“He has changed”; “I thought things would get better as we went along”; “Why did someone not tell me about her from the start?”
How many times have we heard these lamentations from people we know? I myself have uttered similar words in a few past relationships.
Mostly, you hear such sentiments from teenagers or other young people who are new to relationships. It has been said that experience is the best teacher, and this is what makes parents and other adults credible sources of advice.
Whether we have lived life perfectly or not, we can advise the youth with tidbits of wisdom learned through years of experience. I have learned quite a few things through almost 50 years of living and retrospection. I look honestly at what shortcomings I have had, and how I may have made things different.
One of the biggest revelations is that many of the things my own parents and other adults told me when I was younger have been proven correct.
How much time, effort and even heartache I could have saved, if my teen brain had been open to “old people’s advice.” So now, I still listen and glean whatever information I can get from my seniors. I recognize that it is truly important. In turn, I also share knowledge with my kids and other youngsters when I can (if they are willing to listen).
I have been a father for 20 years and an actor for 24 years. Many young actors have played my children on television and in the movies. They ask for my advice for things like acting and such, but I have also been asked for opinion about their not-so-smooth relationships. I repeat to them the words of guidance that my grandparents, parents, uncles and aunts gave me (with the addition of my own experiences).
In the present
See people as they really are, not what they could become someday in the future. Take a good, honest look at them, and then accept that that is how they are now. You may not like them for who they are today. You eat, breathe, live and love in the present, not in the future.
The big mistake that people make at the start of a relationship is to unrealistically see people as how we hope they will become someday. We see the other person through those notorious rose-tinted glasses, through which we see and magnify their good traits, and miss or minimize things that may not be to our liking. We see only what we want to see, and are blind to what we do not want to see.
This is the reason someone ends up with a certain person, while all their friends wonder how it happened. Then one day (hopefully after not too much pain and heartache), we wake up and see the reality of who they are and what they do to us. We wonder how they changed so much, when they may have been that way the whole time.
This is the time your friends say things like, “I wanted to tell you but could not,” or “I wondered what you saw in him/her.” Often we may end up saying, “Mom was right, after all.”
Personality development trainer Marina Benipayo has often advised her students not to like a person just because he/she likes you. A person may like you or love you, but that does not mean he or she is right for you. Your friends may think that you and another friend are bagay, but that may only hold true visually. If your personality and upbringing clash, that is often a red flag.
We end up in trouble when we have unrealistic expectations of others. You cannot make a person a winner by being the most supportive cheerleader. The University of the Philippines cheerleading team has won multiple championships, but its basketball team has not won a title in a long time. One’s effort does not directly affect the other’s success.

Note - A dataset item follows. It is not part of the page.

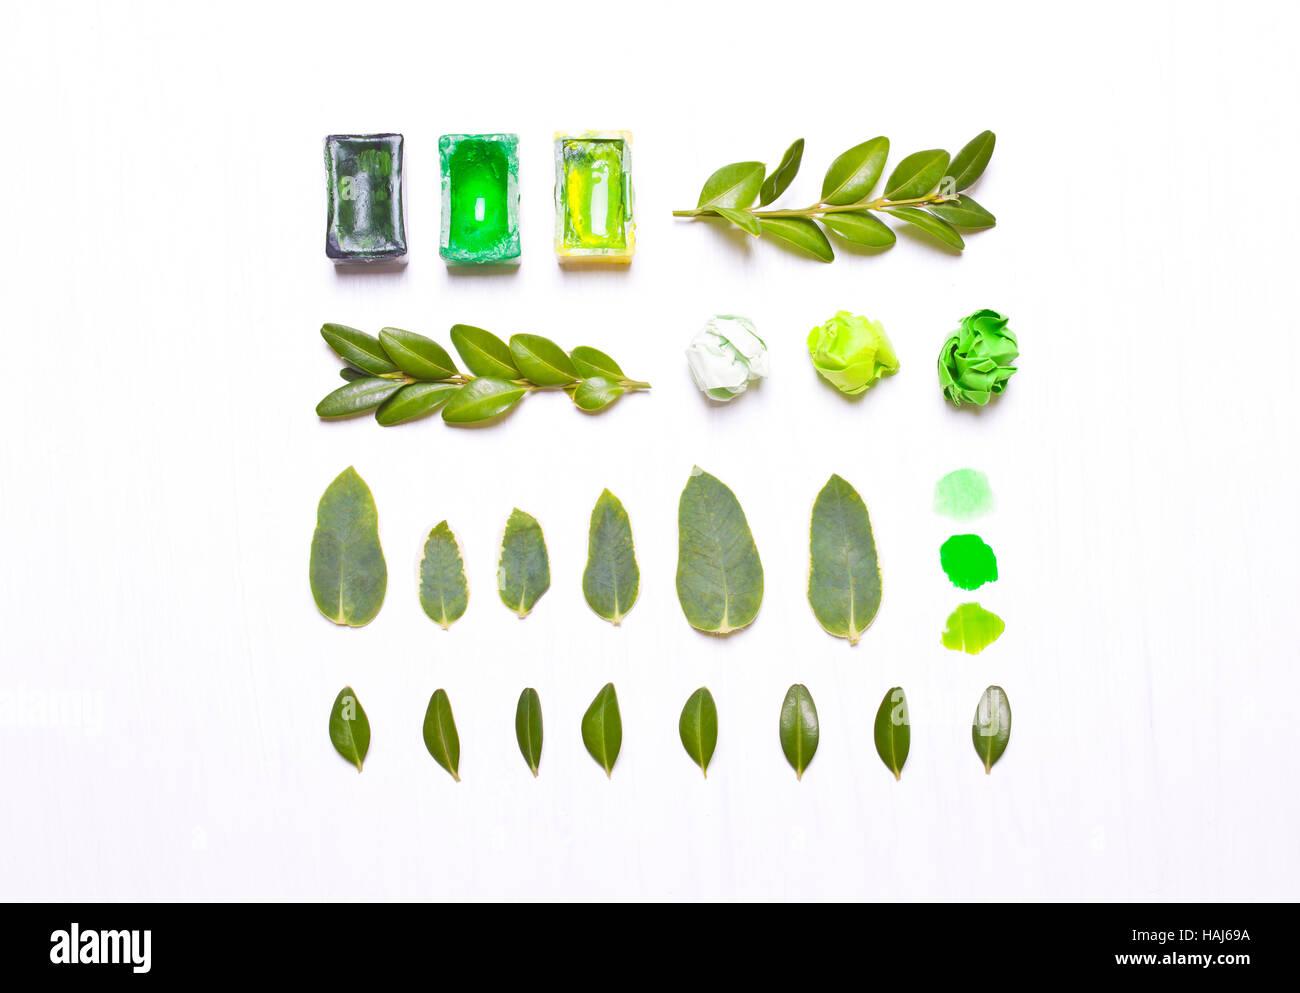 Les peintures, feuilles vertes dans une rangée. L'art conceptuel, en milieu de table designer.Télévision lay, overhead view.Type télévision, vue du dessus Banque D'Images

Trust your intuition. We often know other people through this. The truth is the truth. I have found that my initial feeling about other people has often been right. Whenever I have second-guessed my intuition and given people the benefit of the doubt, I have suffered.
Do not make the mistake of thinking you can help a person change. This is the puppy-dog syndrome, in which we think we can sympathize with a misunderstood individual and help in his or her self-realization. It is not your job to reform other people. That is their job. If you make it your responsibility, your efforts are doomed to fail.
Do not measure your own worth as a person based on how much you can help improve other people. If they do not reach your standards, you may end up resenting them, when they are just being themselves. They will also resent you for insisting that they make the changes that you want.
The only person that you can actually change is yourself. If you want a good life, you should work on yourself to be the best that you can be. Studies show that you can change someone else by just 5 percent, but you can change yourself by 50 percent. Encourage and love others, but let them work on their own improvement. Your own growth is where you should concentrate your efforts.
Other people will learn to be better when they are ready to learn. You are free to believe in people’s potential to become their best. But see and accept other people as they are.